Royal Philharmonic Orchestra/Karabits, Festival Hall - music review

Led by Kirill Karabits, the Royal Philharmonic Orchestra delivered a performance with emotion of every colour
Heroic sparkle: Kirill Karabits (Picture: Chris Christodoulou/Lebrecht Mus/Lebrecht Music & Arts/Corbis)
Nick Kimberley24 April 2014

Early in the 20th century, a German critic labelled England "the land without music". Edward Elgar is often cited as evidence to the contrary but in fact he might have agreed. In a lecture he is supposed to have said: "English music is white — it evades everything." It wasn’t a racial comment but an observation about the lack of emotional colour in English music.

Not his own, of course.

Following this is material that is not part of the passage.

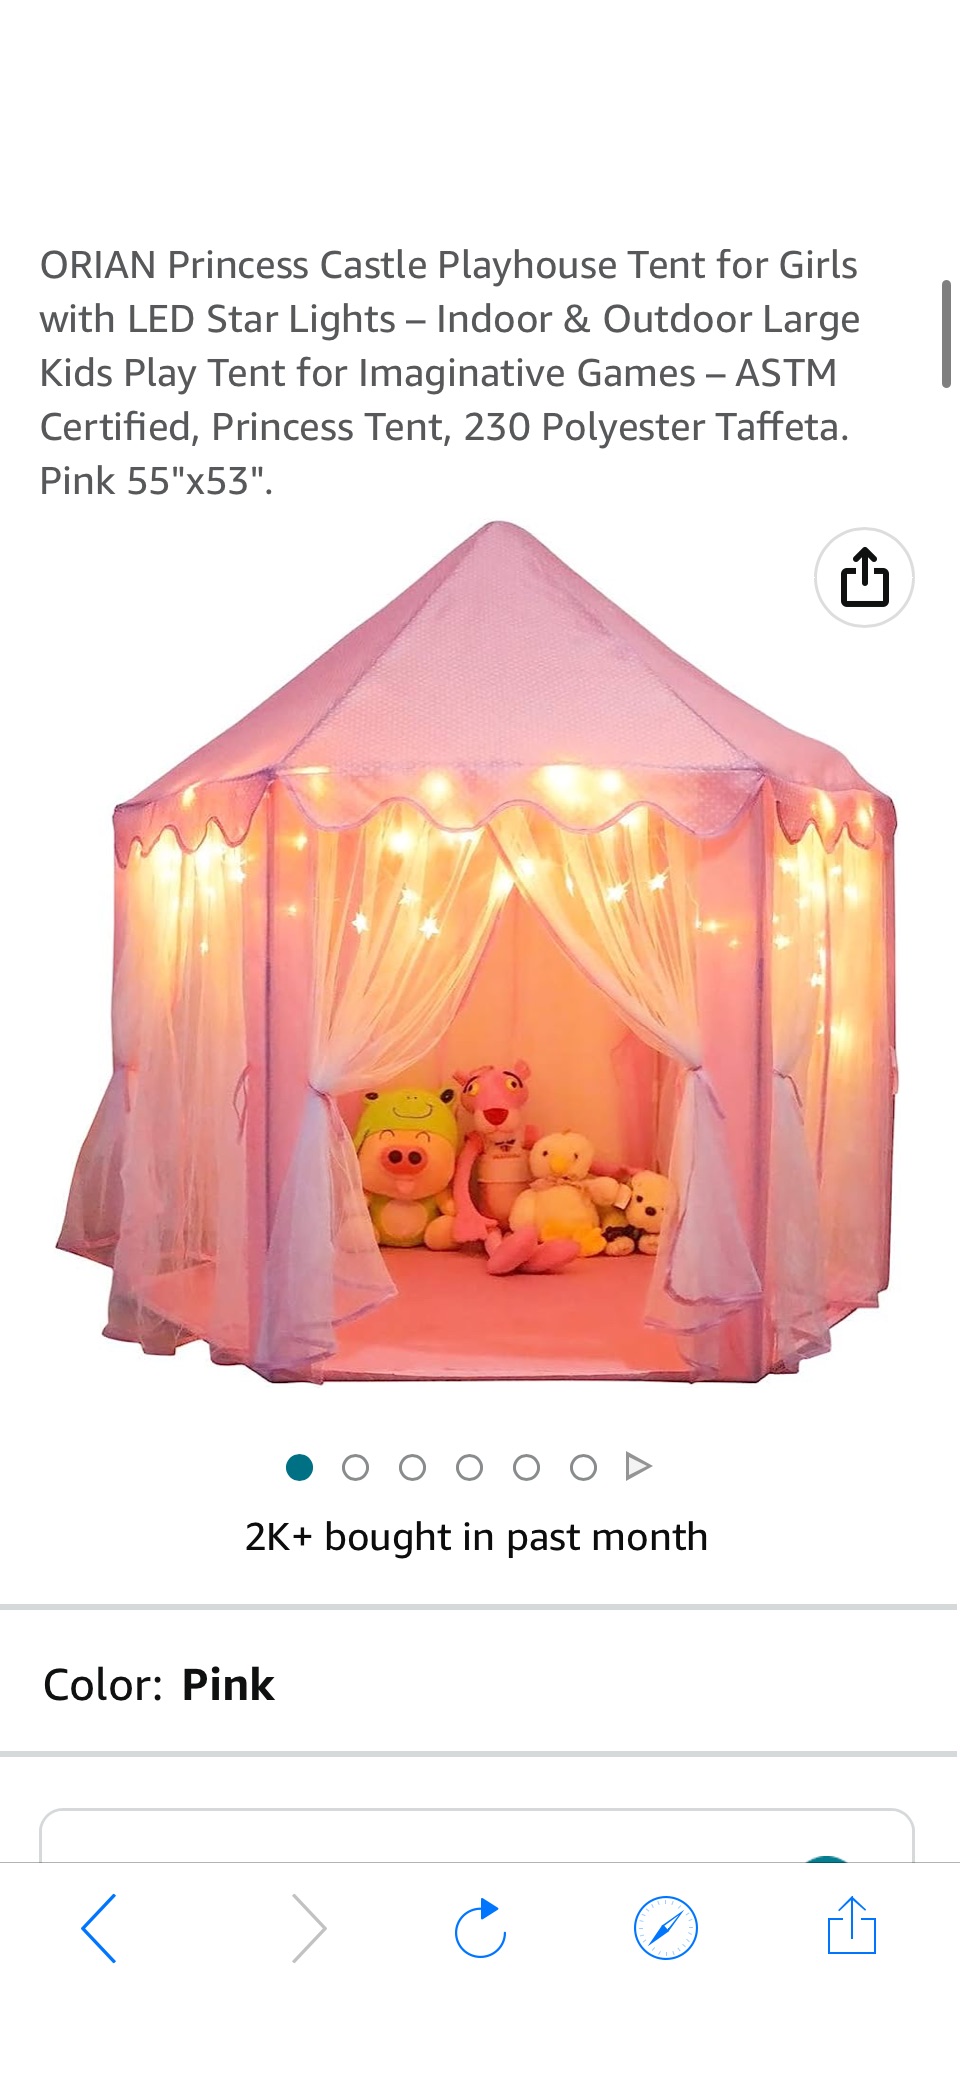 Amazon.com: ORIAN Princess Castle Playhouse Tent for Girls with LED Star Lights – Indoor & Outdoor Large Kids Play Tent for Imaginative原价59.99

His best loved piece, the Cello Concerto, evades nothing, embraces everything. Steven Isserlis has a long, profound association with the concerto; his performance last night was inward-looking, his pacing neither rushed nor lugubrious. His cello sounded rich and mournful, its low moan occasionally sliding towards a plaintive whine. Meanwhile, he tossed his greying curls, his face taking on the ecstatic anguish of a martyred saint.

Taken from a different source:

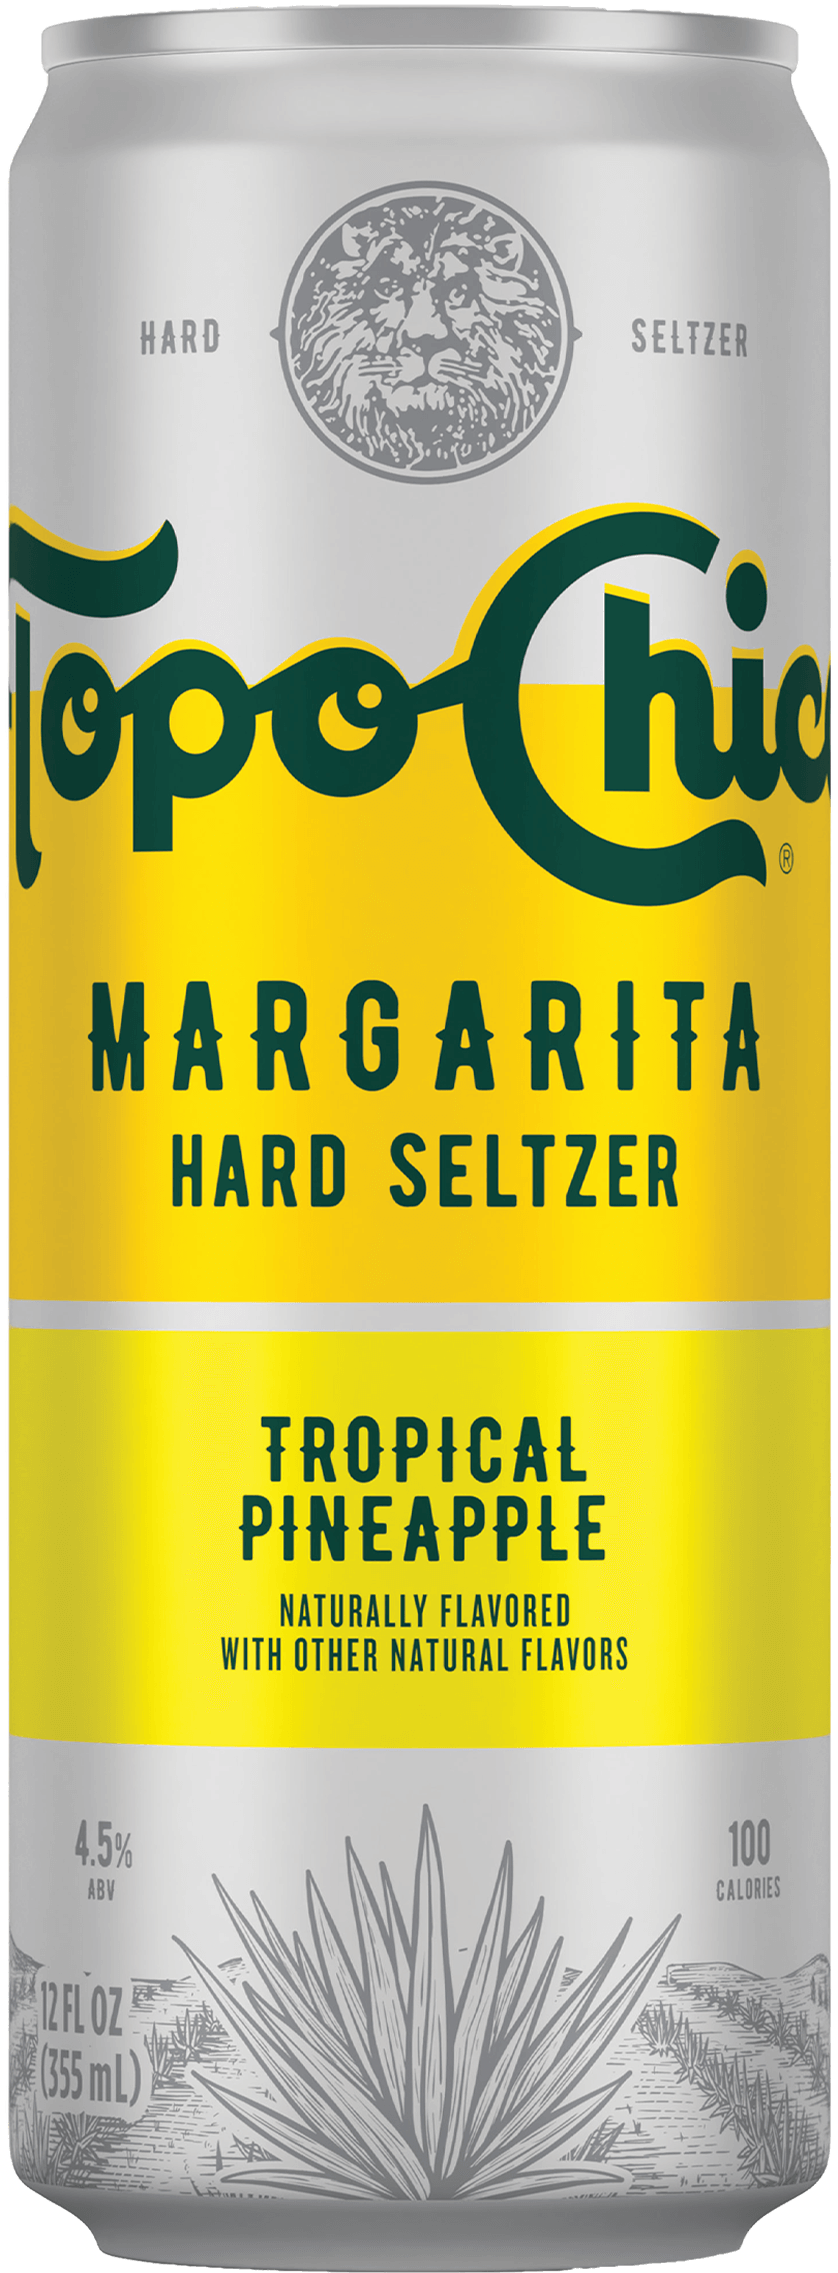 Tropical Pineapple can

Ukrainian conductor Kirill Karabits kept the Royal Philharmonic Orchestra on Isserlis’s wavelength, occasionally allowing his players to overpower the cello, only for Isserlis to re-assert himself heroically.

Karabits opened the concert with Prokofiev’s First Symphony, the so-called Classical, a work that can sometimes sound flaccid. Here it had bounce a-plenty and a sly wit that was almost Mozartian in its pithiness. There was nothing pithy about Rimsky-Korsakov’s Scheherazade, a heady orchestral fantasy that gave the RPO woodwind section the chance to put on some oriental sparkle.

The clarinet and bassoon, in particular, enjoyed their fleeting solos, while Clio Gould wrung every ounce of colour from the violin’s repeated rhapsodies. If there was something blowsy about the climax, this is a work that can stand a little healthy vulgarity.